# NFL Sunday Ticket



## lipcrkr (Apr 27, 2012)

I have the Choice Ultimate package (just started in May) which was called the "Big Deal" in their promo which included numerous discounts. One if which is the free Sunday Ticket. I got an e-mail today stating that it's now called Max? And that it was "for no additional charge". 
My question is what is "free"? And for how long? Is it 1 season from exhibition to playoffs.? I love NFL football but not enough to pay for any of it (or at least till NFL comes to LA).


----------



## jodyguercio (Aug 16, 2007)

Got the same e mail. Max includes the Red Zone channel, the ability to watch games on certain smart phones and tablets, and the ability to watch a game in 30 minutes.

After the season I will be calling and letting them know that I won't be renewing for next season.


----------



## MartyS (Dec 29, 2006)

It's only for regular season games. No exhibition games are part of Sunday Ticket.


----------



## tonyd79 (Jul 24, 2006)

"MartyS" said:


> It's only for regular season games. No exhibition games are part of Sunday Ticket.


Last couple of years, all exhibition games were either live or delayed on the NFL channel. So you get them regardless. (they will be blacked out on any rsn except your locals even if you have sports pack)


----------



## joed32 (Jul 27, 2006)

For $20 you can get the preseason package from NFL.com but it is streaming and not on your sat system.


----------



## KarenRichmond (Aug 3, 2012)

I didn't have the ultimate last year I guess and I didn't add the "To Go" part either so ? on the viewing on laptop, does that mean every NFL Sunday Ticket Game or just the out or market ones?
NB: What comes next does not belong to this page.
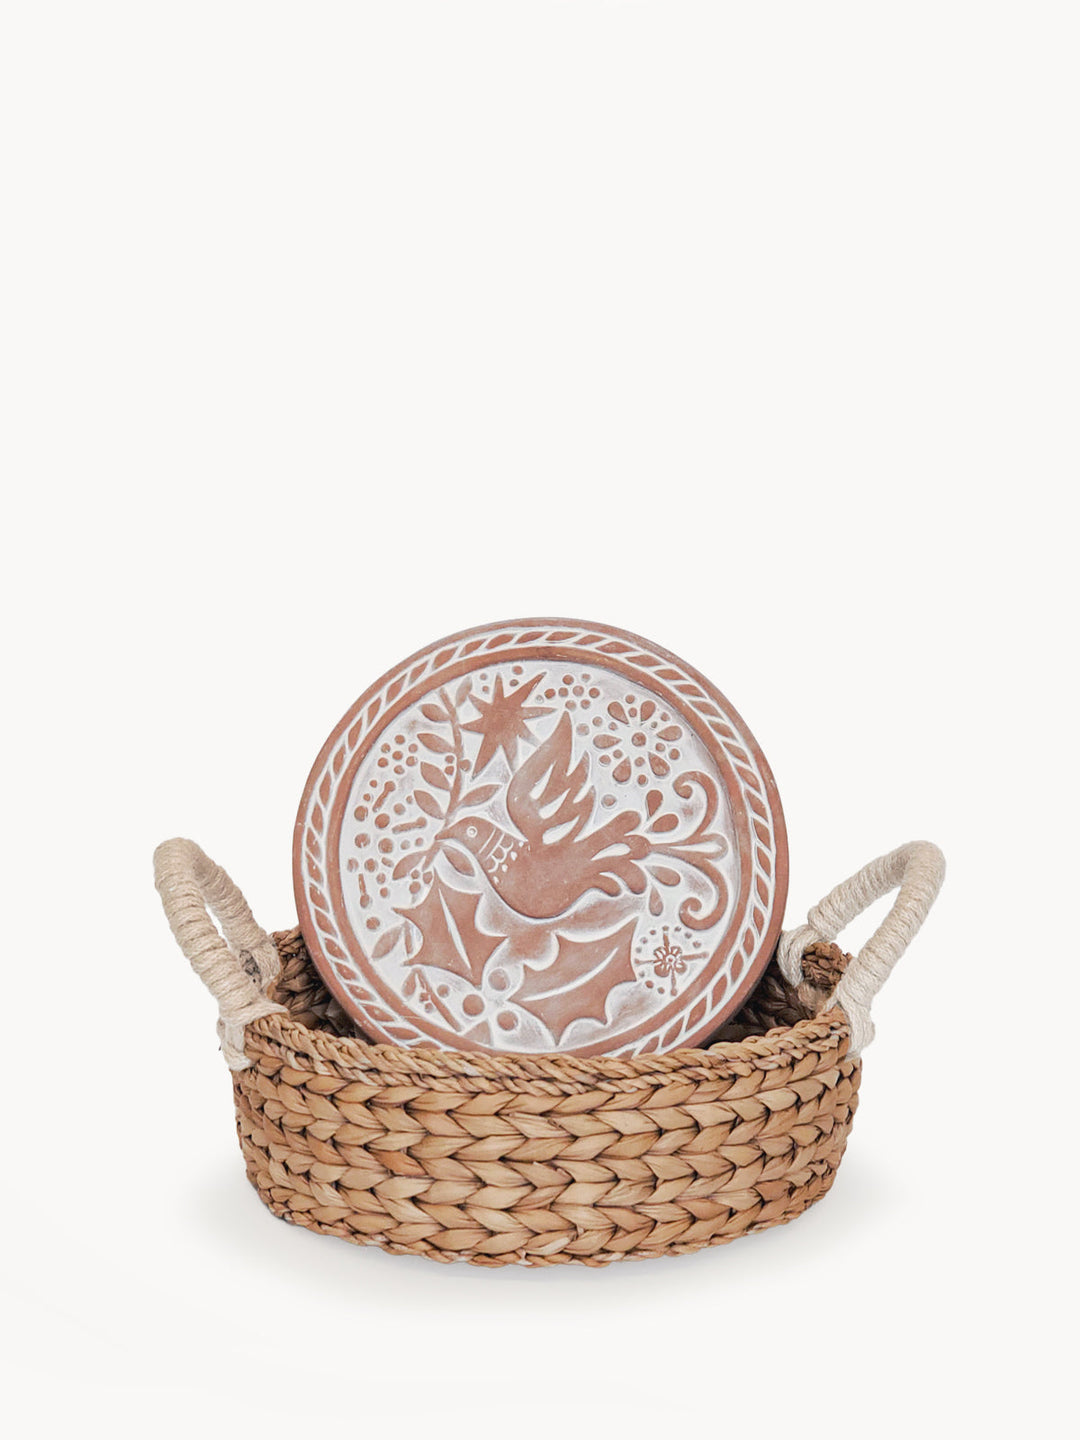 Bread Warmer & Basket - Bird Round by KORISSA

Also I saw something today while reading up on the differences and noticed it said On Demand Sunday Ticket? What is that?


----------



## Justin23 (Jan 11, 2008)

"KarenRichmond" said:


> I didn't have the ultimate last year I guess and I didn't add the "To Go" part either so ? on the viewing on laptop, does that mean every NFL Sunday Ticket Game or just the out or market ones? Also I saw something today while reading up on the differences and noticed it said On Demand Sunday Ticket? What is that?


They changed the names & some of the features of NFLST this year.

Last season NFLST had the games, games in HD, RedZone, player tracker, Game Mix, Short Cuts. The NFLST To-Go add-on gave you the ability to watch the games in a mobile device (smartphone, PC, tablet, etc).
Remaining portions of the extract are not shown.